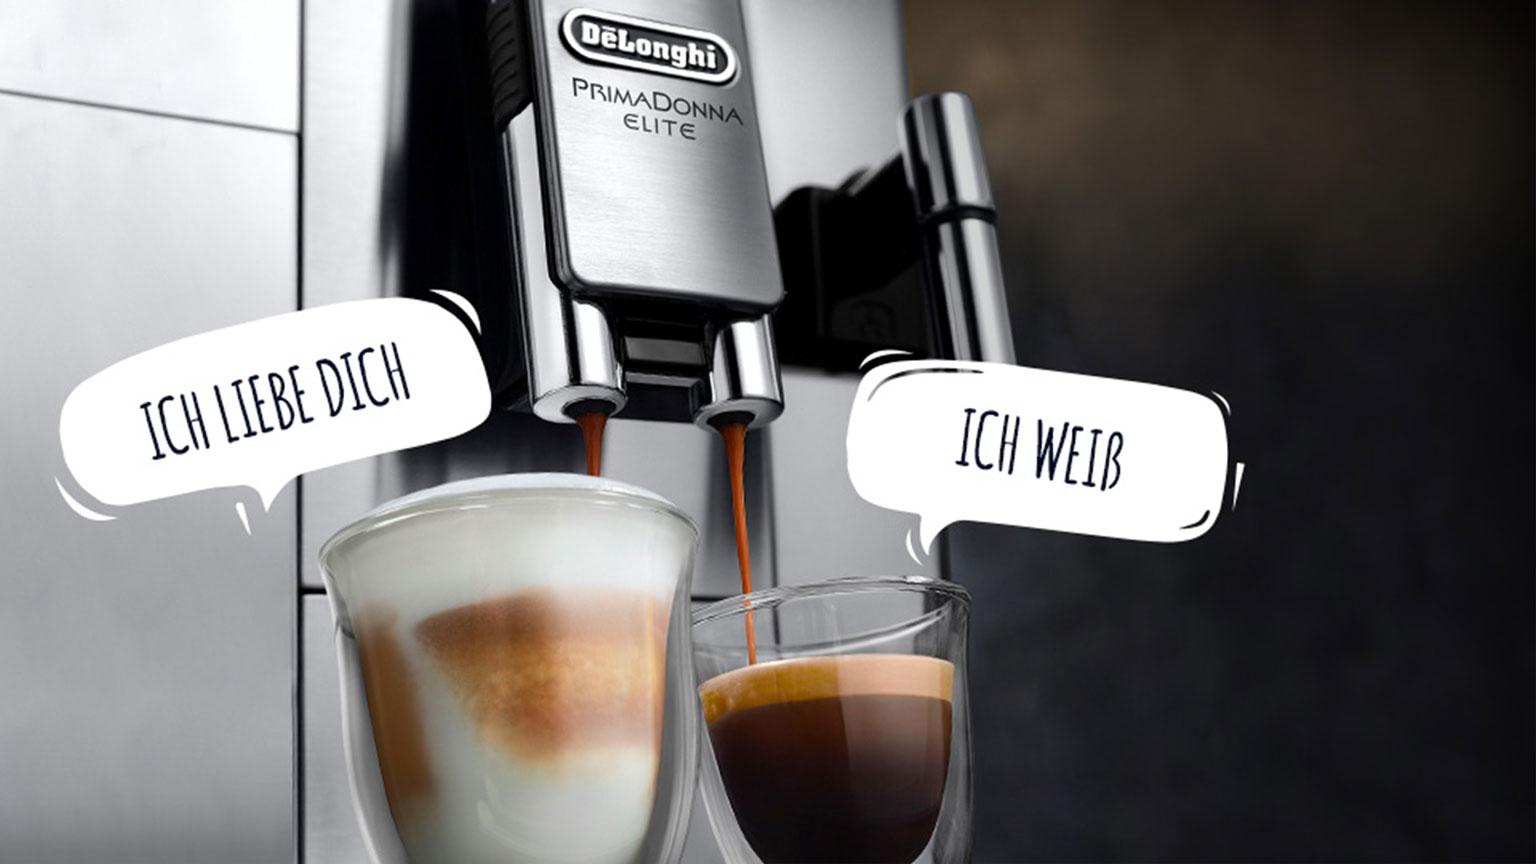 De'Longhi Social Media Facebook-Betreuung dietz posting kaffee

::::::

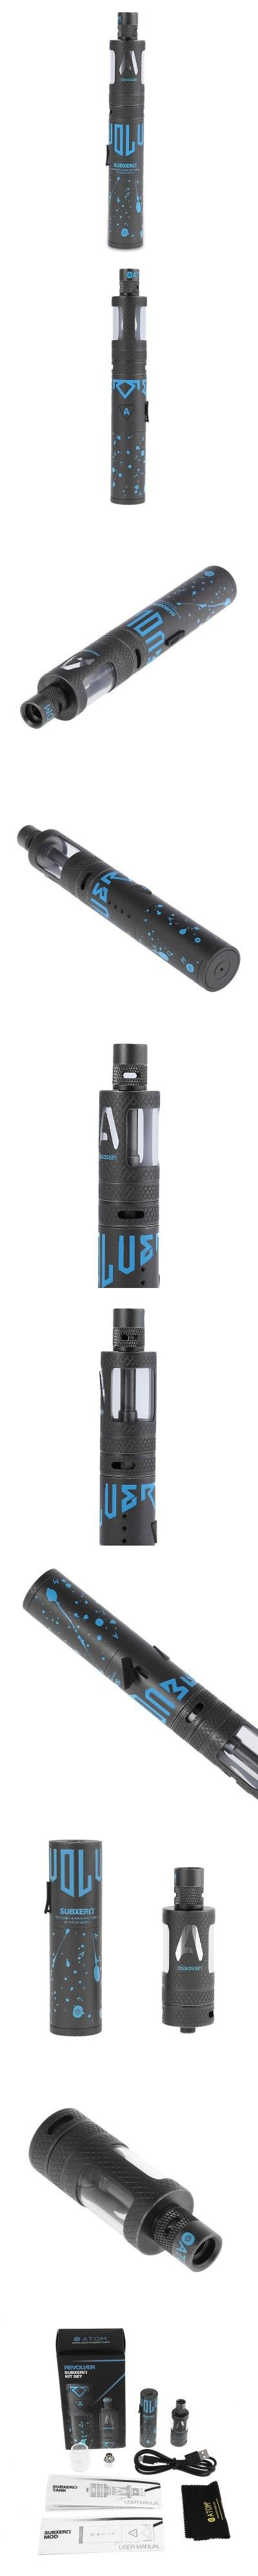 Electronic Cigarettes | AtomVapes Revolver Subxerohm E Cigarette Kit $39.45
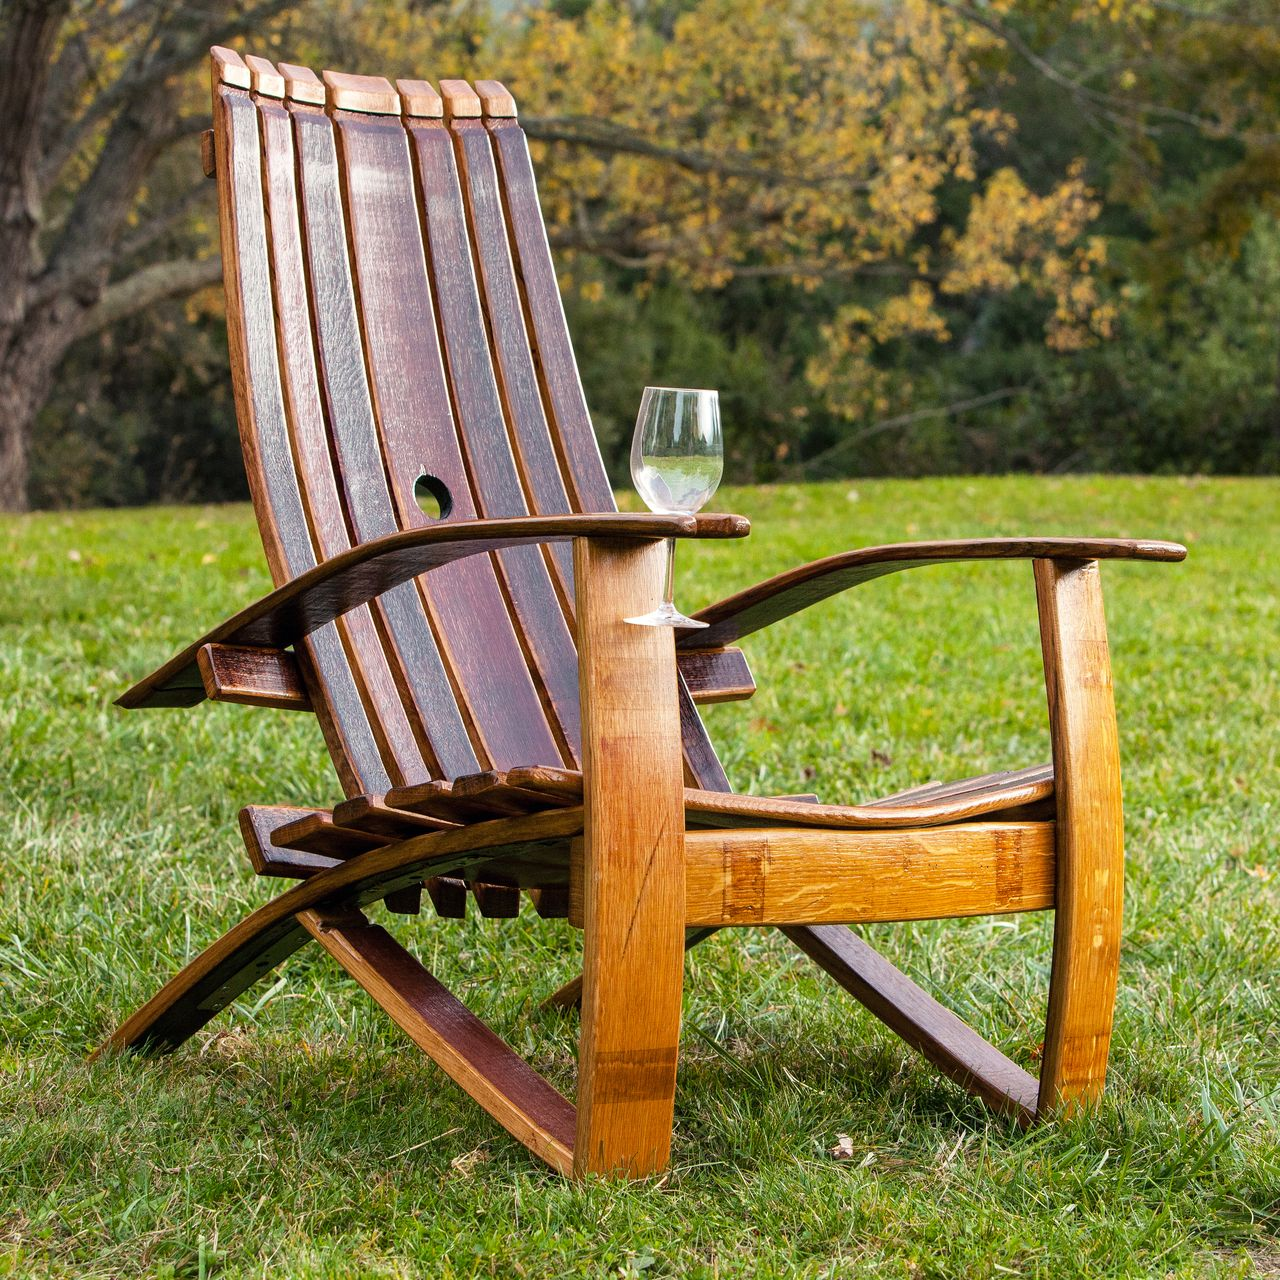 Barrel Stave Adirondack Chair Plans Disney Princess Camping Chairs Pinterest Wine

::::::

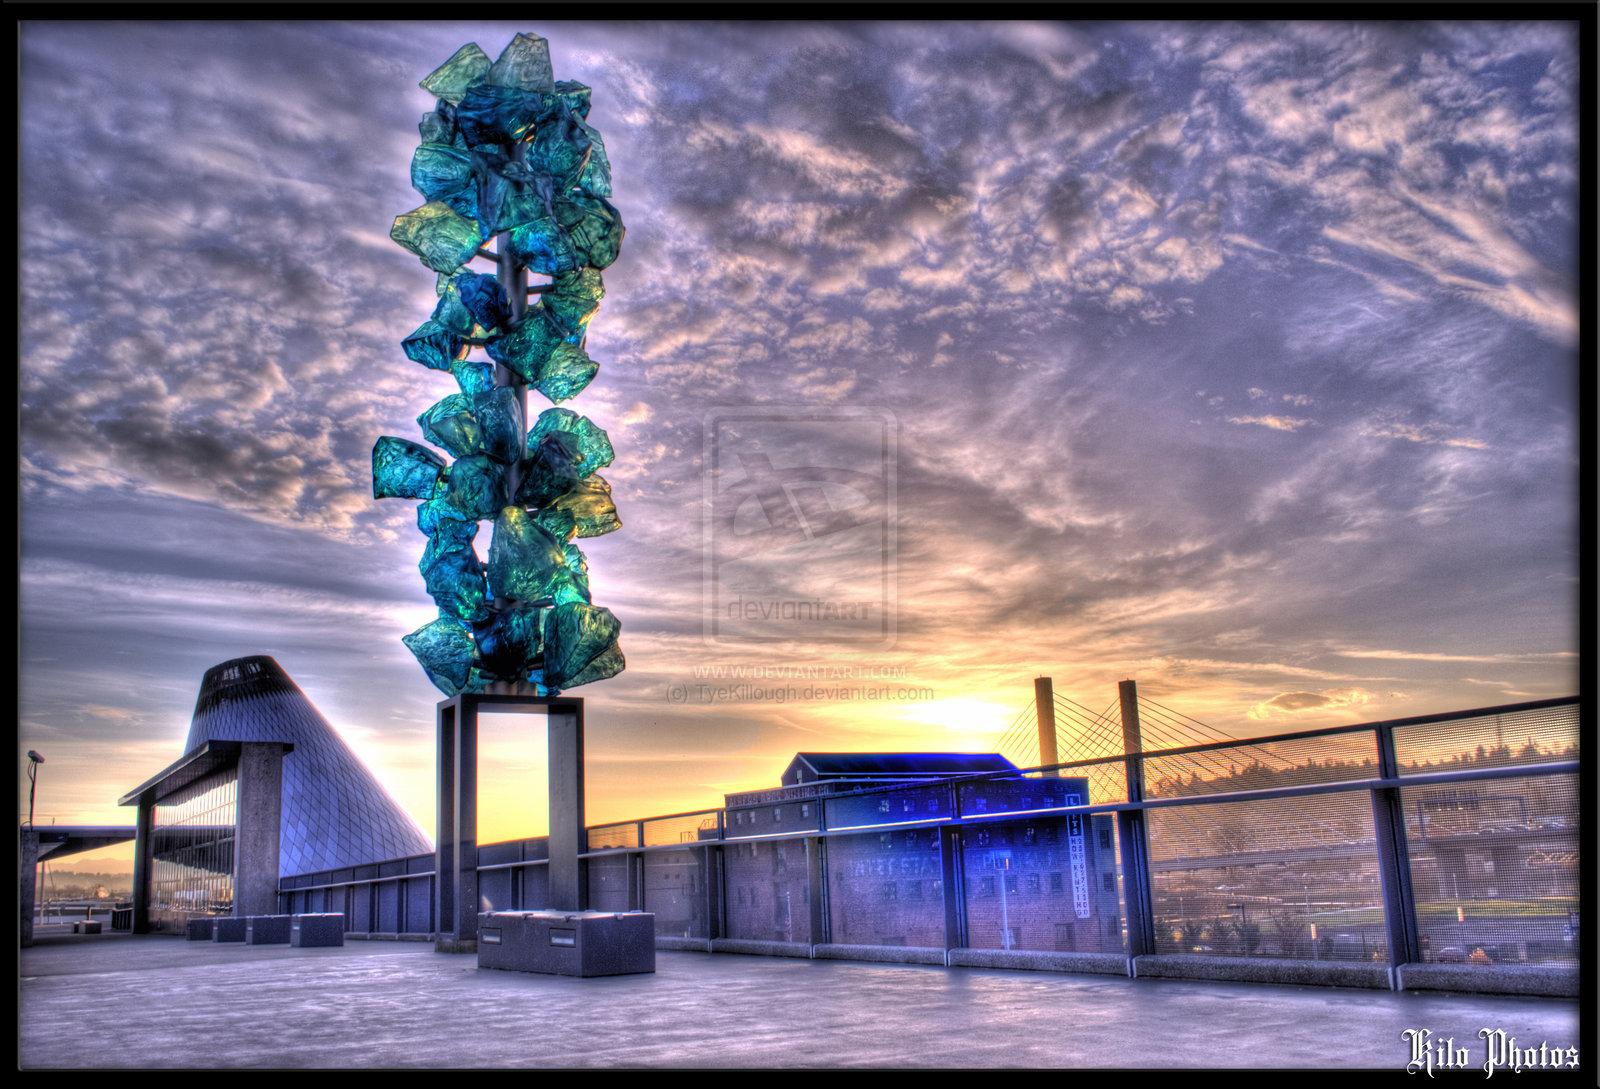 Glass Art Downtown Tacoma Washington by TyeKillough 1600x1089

::::::

» **Exercise goal**
Using the data above, give again exactly the lines starting at the one holding "Electronic Cigarettes |" and ending at the one holding "Barrel Stave Adirondack", inclusive, and nothing more. Omit the pictures.

» **Exercise answer**
 Electronic Cigarettes | AtomVapes Revolver Subxerohm E Cigarette Kit $39.45
 Barrel Stave Adirondack Chair Plans Disney Princess Camping Chairs Pinterest Wine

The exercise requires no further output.